こうする事で、スケゾーはいつ何処に居ても、俺の所に帰って来る事が出来る。念には念をと言いつつ、実際に使うのはこれが初めてだったが……外に魔力が漏れないように魔法を発動させるのは、苦労した。
「うちのご主人の代わりで良けりゃ、オイラが相手するっスが――――やってみるか?」
サキュバスは、青い顔をして縮み上がった。
……スケゾーもまた、周囲の魔力を吸い取って自分のモノにする能力を持っている。悪いが、相手にならないだろう。サキュバスは慌てて手を振り、スケゾーに愛嬌のある笑顔を見せた。

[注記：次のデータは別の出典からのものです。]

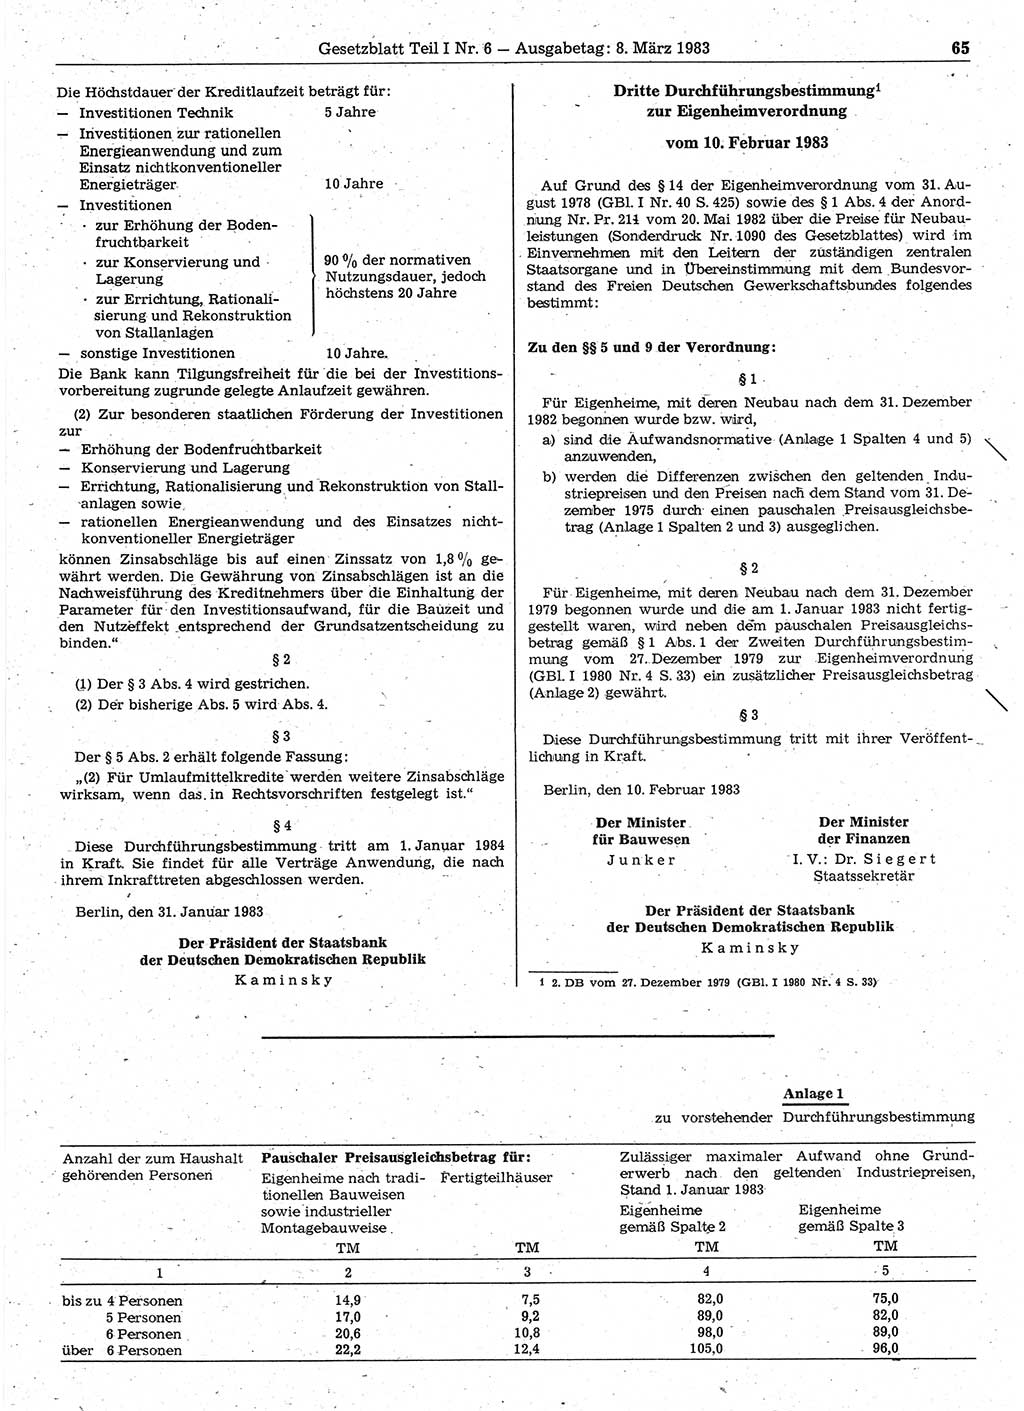 Gesetzblatt (GBl.) der Deutschen Demokratischen Republik (DDR) Teil Ⅰ 1983, Seite 65 (GBl. DDR Ⅰ 1983, S. 65)

「ごっ、ごめんなさい!! パスパス、今のなし!! 悪いけど、あたしじゃ相手にならないし、時間の無駄だわ」
流石だな、スケゾー……戦いもせずに場を収束させるとは……。スケゾーが魔力を制御すると、風は止み、静寂が帰って来た。
全く、チェスは出来ないが、頼りになる悪魔だぜ。
「まあ、次からはうちのご主人に召喚されて、精一杯尽くす事っスね。いやー、ご主人のオクテを治すの、大変で大変で」
俺はスケゾーを殴った。
サキュバスは精一杯に愛想を振り撒いて、俺とスケゾーに手を振った。硝子の割れた窓枠を掴み、そっと窓を開く。
「そっ、それじゃあ、あたしはこれで――……」
「スケゾー」
「あいあいっス」
当然、スケゾーはサキュバスの腕を掴んだ。振り払う事も出来ず、サキュバスは再び、俺の部屋に戻って来る。
サキュバスは、すっかり青褪めていた。